F. NPUs & edge AI (high-level)

These weren’t the star of the CNBC video but are important for the broader “which companies to watch” question:

  • Apple (AAPL): Neural Engine in A- and M-series SoCs, used in iPhones, Macs, iPads – on-device AI.
  • Qualcomm (QCOM): Hexagon NPU in Snapdragon; now very AI-heavy marketing for phones and “AI PCs.”
  • Samsung (005930.KS): Exynos with integrated NPU.

Key angle:

  • This is the edge AI growth story – every high-end device will want an NPU.

3. When it Group into Category

Category 1 – Merchant AI chip & platform vendors

  • Nvidia (NVDA) – dominant merchant AI GPU/accelerator supplier; huge data-center revenue, enormous AI backlog.
  • AMD (AMD) – second-source high-end GPUs (MI300 series) especially at Microsoft/Azure & others.
  • Intel (INTC) – Gaudi AI accelerators and CPUs in data centers.
  • Networking & packaging partners: Broadcom (AVGO), Marvell (MRVL) etc., which provide high-speed interconnects and co-design for some custom chips (TPUs, MTIA).
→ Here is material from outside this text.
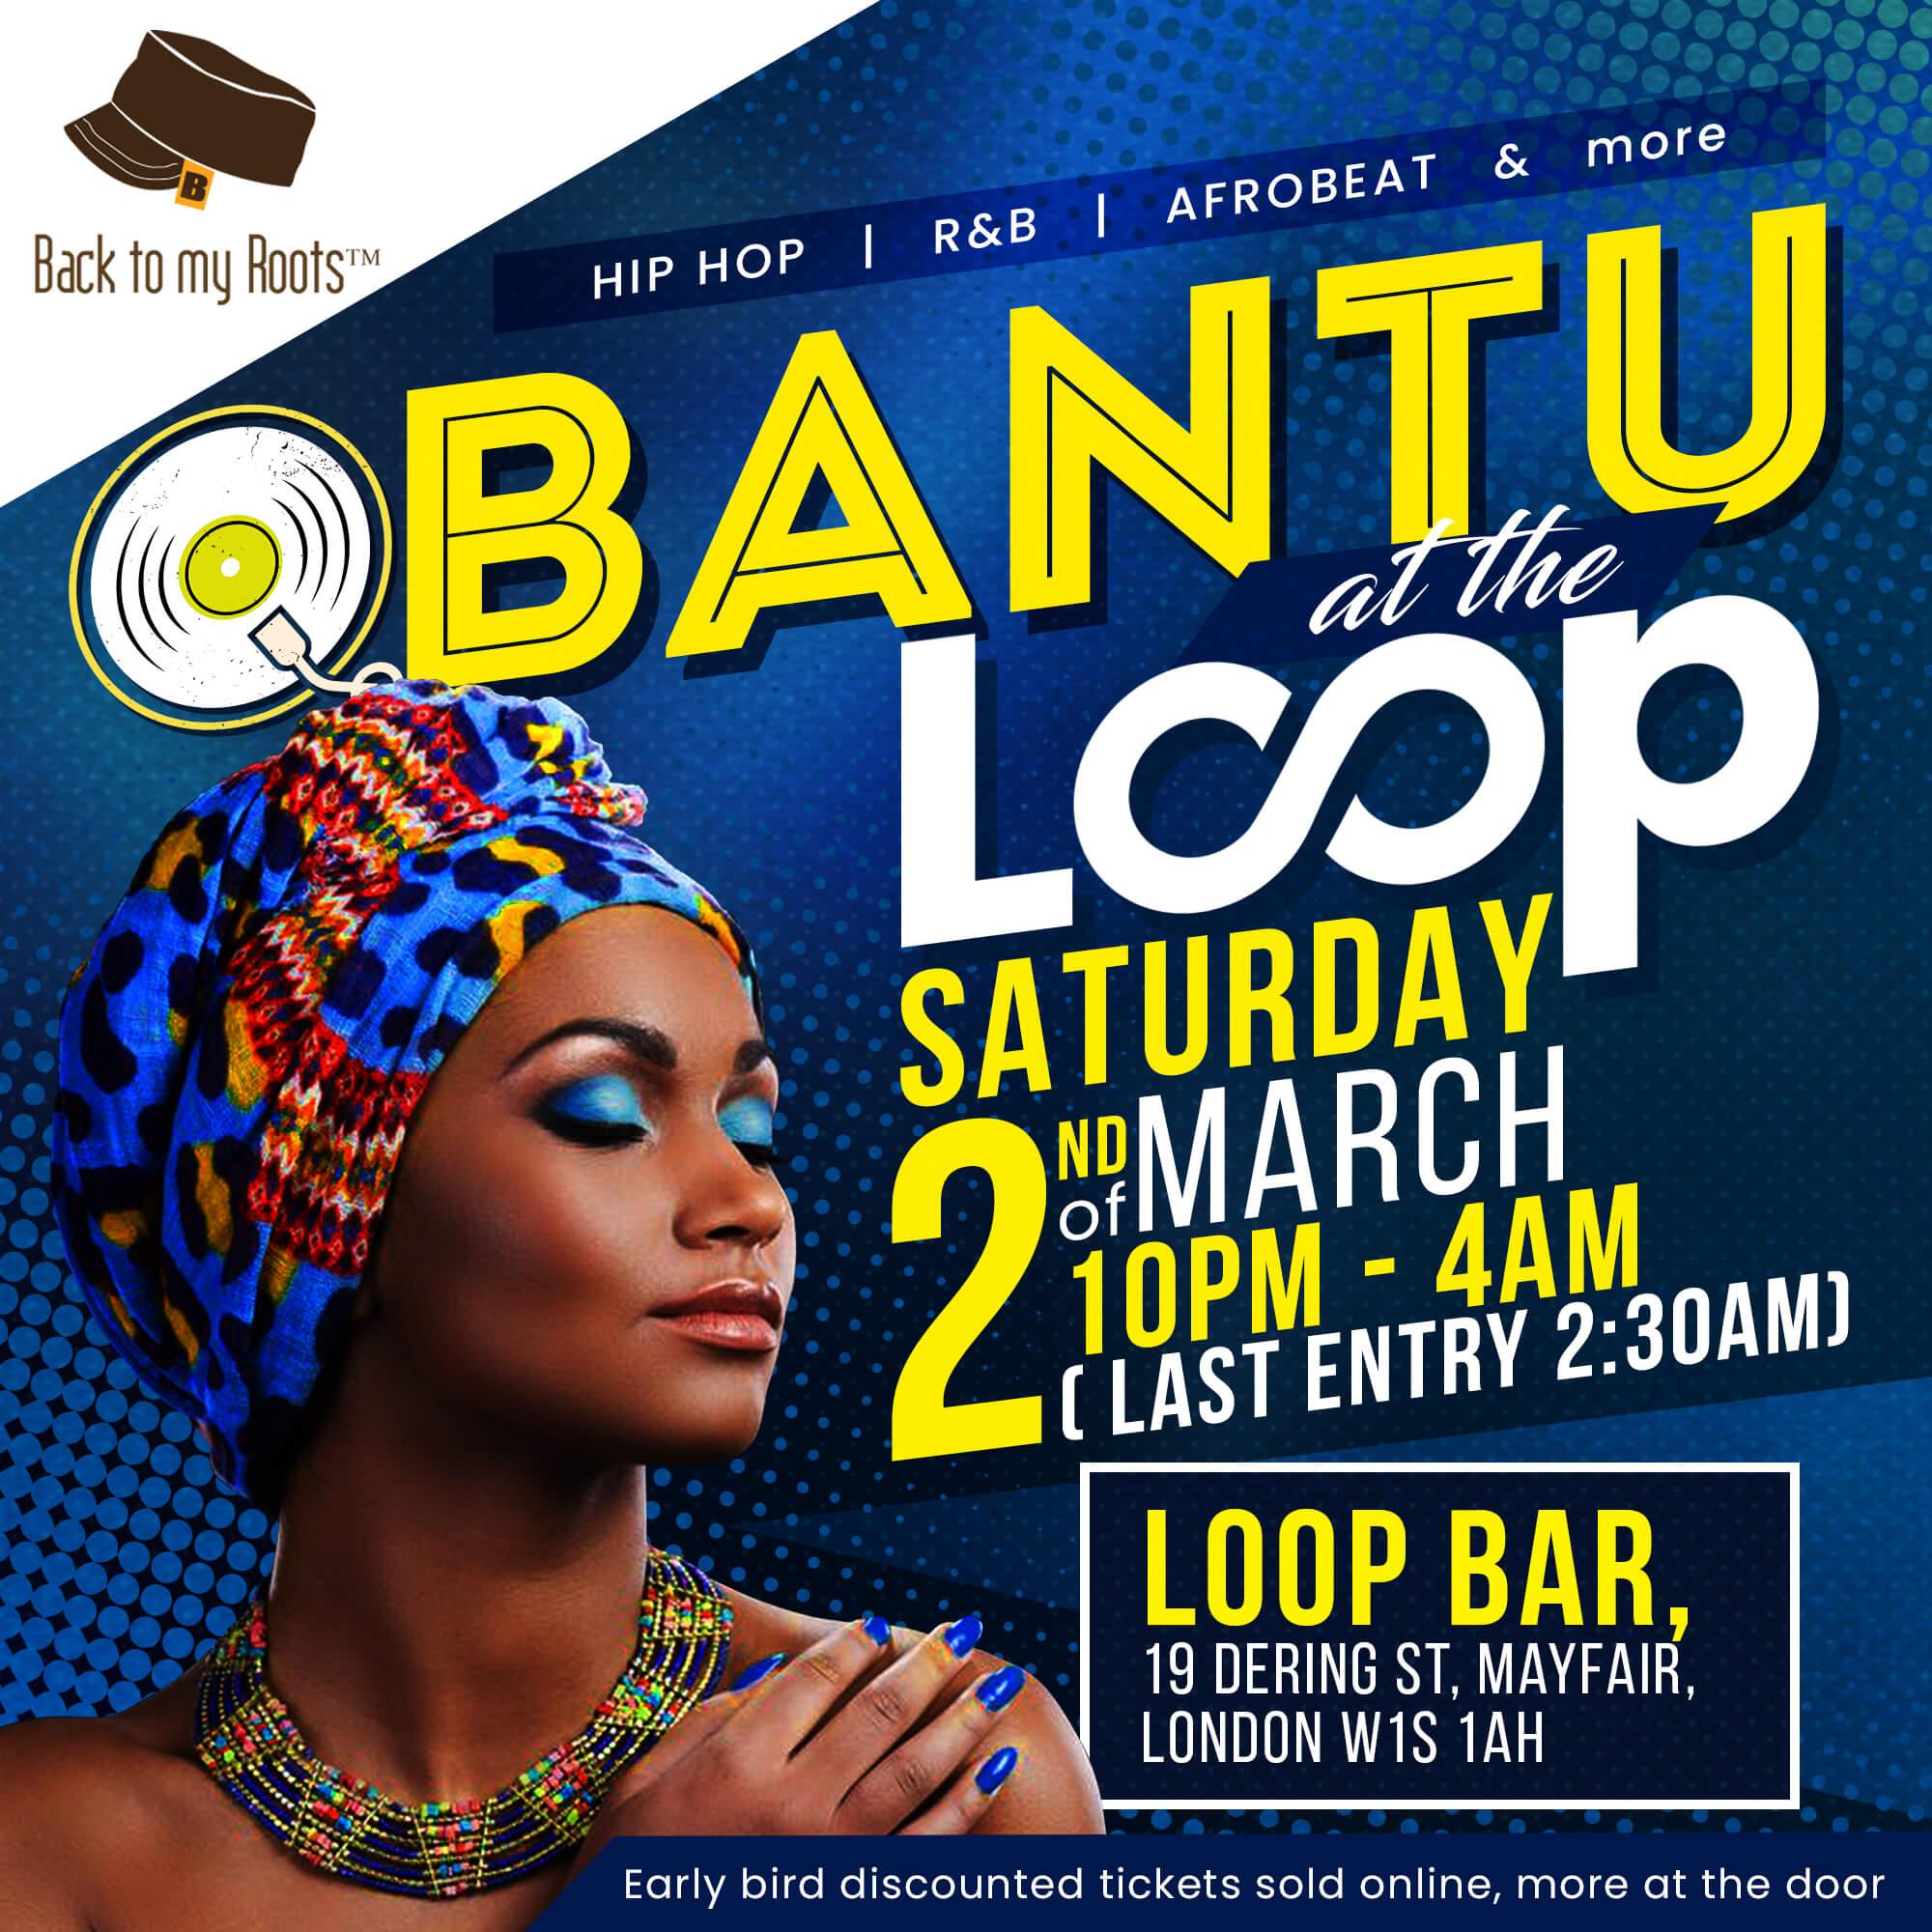 BANTU March at the Loop

Category 2 – Hyperscalers with in-house AI ASICs

  • Alphabet (GOOGL) – TPUs (training/inference), used internally and in Google Cloud.
  • Amazon (AMZN) – Trainium & Inferentia in AWS, plus a big Anthropic partnership that validates them.
  • Microsoft (MSFT) – Maia accelerators for Azure & OpenAI, Cobalt CPUs, plus big Nvidia & AMD deployments.
  • Meta (META) – MTIA chips and planned Rivos acquisition to deepen internal silicon capabilities.
  • Oracle (ORCL) – still reliant on Nvidia Blackwell for its AI cloud, no large in-house AI ASIC yet, but strongly tied to Nvidia.

These companies are both customers of Nvidia and potential long-term competitors via their own ASICs.

Category 3 – Foundries & manufacturing ecosystem

  • TSMC (TSM) – the common denominator for many of these chips (Nvidia GPUs, Google TPUs, AWS Trainium/Inferentia, Microsoft Maia, Meta MTIA).
  • Samsung Electronics, Intel Foundry – also chasing advanced AI chip fab business.

Category 4 – Edge AI & NPUs

  • Apple (AAPL) – on-device Neural Engine.
  • Qualcomm (QCOM) – Snapdragon NPUs for phones and AI PCs.
  • Samsung (005930.KS) – Exynos NPUs, plus memory supply to others.